Utah, Intermountain West seen as leaders in U.S. energy future

Published: Wednesday, Sept. 1 2010 12:06 a.m. MDT

WASHINGTON — The country's green energy future lies in the arid lands of the West, not only under the ground, but also in the network of research and innovation going on above it.

"It's just a matter of formally connecting all the remarkable scientific research and innovation infrastructure already there," Mark Muro, a senior researcher with the Brookings Institution, said Tuesday in highlighting a study being released today by the think tank, based in Washington, D.C.

"Utah and the Intermountain West are clearly in the position of reinventing America's fossil-fuel-dependent energy system," Muro said.

The study is, in part, a promotion of "energy innovation hubs" created under the auspices of the U.S. Department of Energy and agricultural experiment stations like the one at Utah State University.

"They played an invaluable role in the growth of the West and will be vital to establishing this new strategy that, if done correctly, will foster four to six new high-powered energy innovation commercialization centers to grow this new economy," Muro said.

The regional economy already has the expertise in spinning off new companies and creating jobs by seeding research advances in the marketplace, Muro said, noting that the University of Utah is tied with the Massachusetts Institute of Technology with the highest number of research-related firms nationwide.

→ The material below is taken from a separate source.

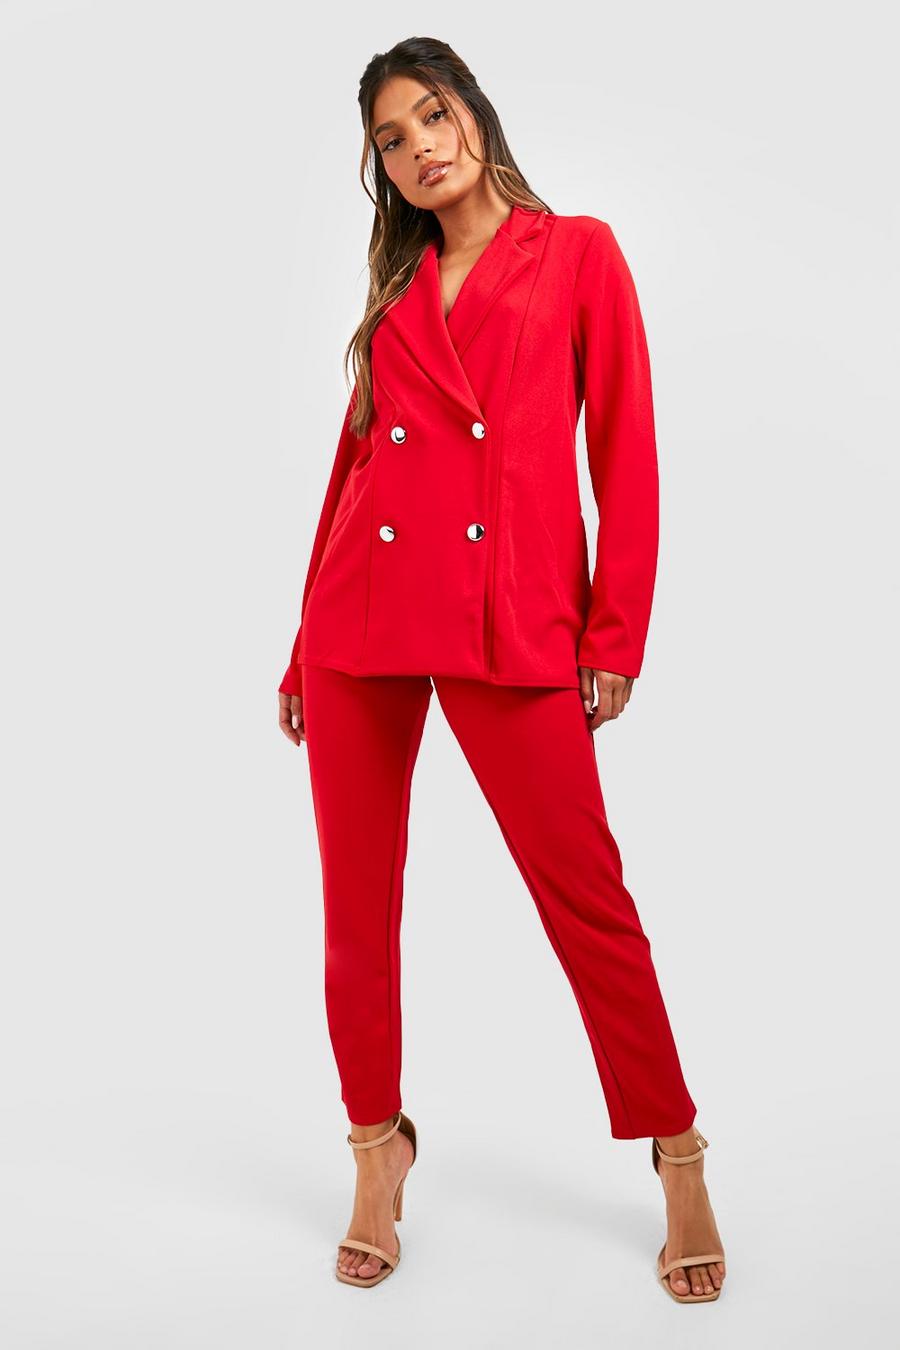 Red Jersey Double Breasted Blazer And Pants Suit Set

Another viable asset, he said, is the Utah Science Technology And Research initiative, the Legislature's multi-program, two-university business- and job-building effort that formally links research at the U. and at Utah State University with commercialization options and industry needs.

USU is already a hub for sustainable energy research in biofuels in particular maximizing biomass production of oil-rich algae for use in alternative fuels, as well as investigating electric lighting consumption with the goal of reducing the 35 percent of all U.S. electrical power that is consumed by industries.

Just as important to the success of this proposal is something less tangible — Utah's innate characteristic of collaboration, Muro said, noting that the pioneering spirit is alive and well and connected to the area's initial monumental test of survival in the mid-1800s, irrigating a desert.